On Thu, Jan 09, 2020 at 12:58:08PM -0500, Peter Xu wrote:
> On Thu, Jan 09, 2020 at 09:47:11AM -0700, Alex Williamson wrote:
> > On Thu, 9 Jan 2020 09:57:08 -0500
> > Peter Xu <peterx@xxxxxxxxxx> wrote:
> >
> > > Branch is here: https://github.com/xzpeter/linux/tree/kvm-dirty-ring
> > > (based on kvm/queue)
> > >
> > > Please refer to either the previous cover letters, or documentation
> > > update in patch 12 for the big picture. Previous posts:
> > >
> > > V1: https://lore.kernel.org/kvm/20191129213505.18472-1-peterx@xxxxxxxxxx
> > > V2: https://lore.kernel.org/kvm/20191221014938.58831-1-peterx@xxxxxxxxxx
> > >
> > > The major change in V3 is that we dropped the whole waitqueue and the
> > > global lock. With that, we have clean per-vcpu ring and no default
> > > ring any more. The two kvmgt refactoring patches were also included
> > > to show the dependency of the works.
> >
> > Hi Peter,
>
> Hi, Alex,
>
> >
> > Would you recommend this style of interface for vfio dirty page
> > tracking as well? This mechanism seems very tuned to sparse page
> > dirtying, how well does it handle fully dirty, or even significantly
> > dirty regions?
>
> That's truely the point why I think the dirty bitmap can still be used
> and should be kept. IIUC the dirty ring starts from COLO where (1)
> dirty rate is very low, and (2) sync happens frequently. That's a
> perfect ground for dirty ring. However it for sure does not mean that
> dirty ring can solve all the issues. As you said, I believe the full
> dirty is another extreme in that dirty bitmap could perform better.
>
> > We also don't really have "active" dirty page tracking
> > in vfio, we simply assume that if a page is pinned or otherwise mapped
> > that it's dirty, so I think we'd constantly be trying to re-populate
> > the dirty ring with pages that we've seen the user consume, which
> > doesn't seem like a good fit versus a bitmap solution. Thanks,
>
> Right, so I confess I don't know whether dirty ring is the ideal
> solutioon for vfio either. Actually if we're tracking by page maps or
> pinnings, then IMHO it also means that it could be more suitable to
> use an modified version of dirty ring buffer (as you suggested in the
> other thread), in that we can track dirty using (addr, len) range
> rather than a single page address. That could be hard for KVM because
> in KVM the page will be mostly trapped in 4K granularity in page
> faults, and it'll also be hard to merge continuous entries with
> previous ones because the userspace could be reading the entries (so
> after we publish the previous 4K dirty page, we should not modify the
> entry any more).

An easy way would be to keep a couple of entries around, not pushing
them into the ring until later. In fact deferring queue write until
there's a bunch of data to be pushed is a very handy optimization.

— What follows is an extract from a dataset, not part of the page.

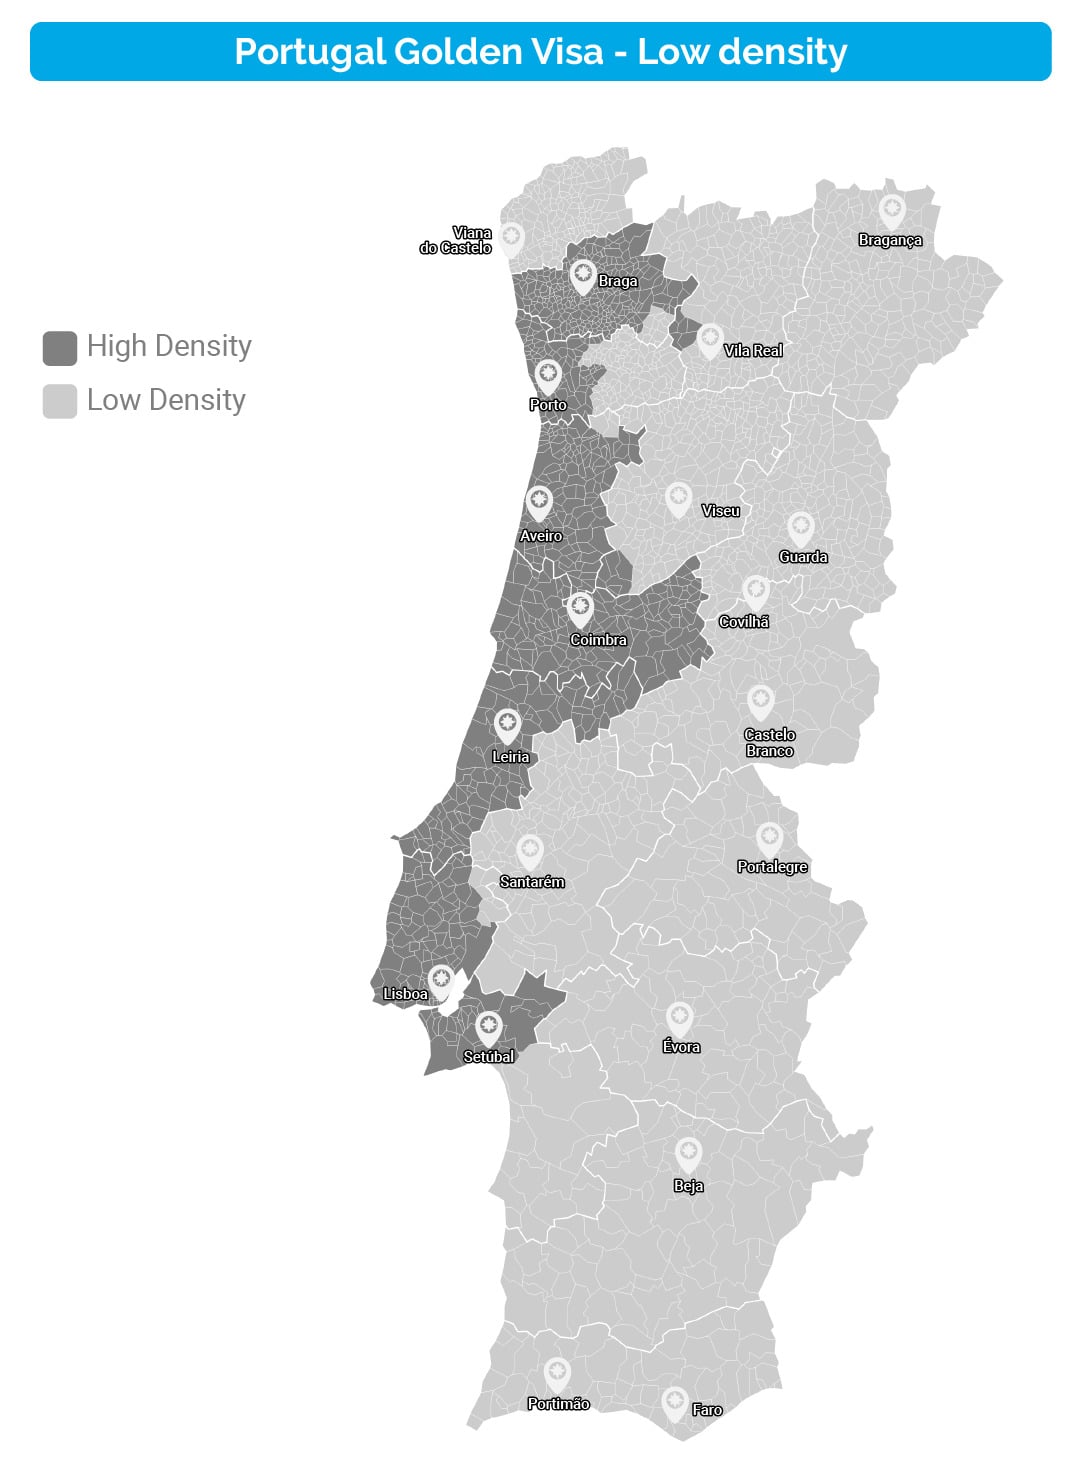 Map showing the high and low density areas in Portugal.

When building UAPI's it makes sense to try and keep them generic
rather than tying them to a given implementation.

That's one of the reasons I called for using something
resembling vring_packed_desc.


> VFIO should not have this restriction because the
> marking of dirty page range can be atomic when the range of pages are
> mapped or pinned.
>
> Thanks,
>
> --
> Peter Xu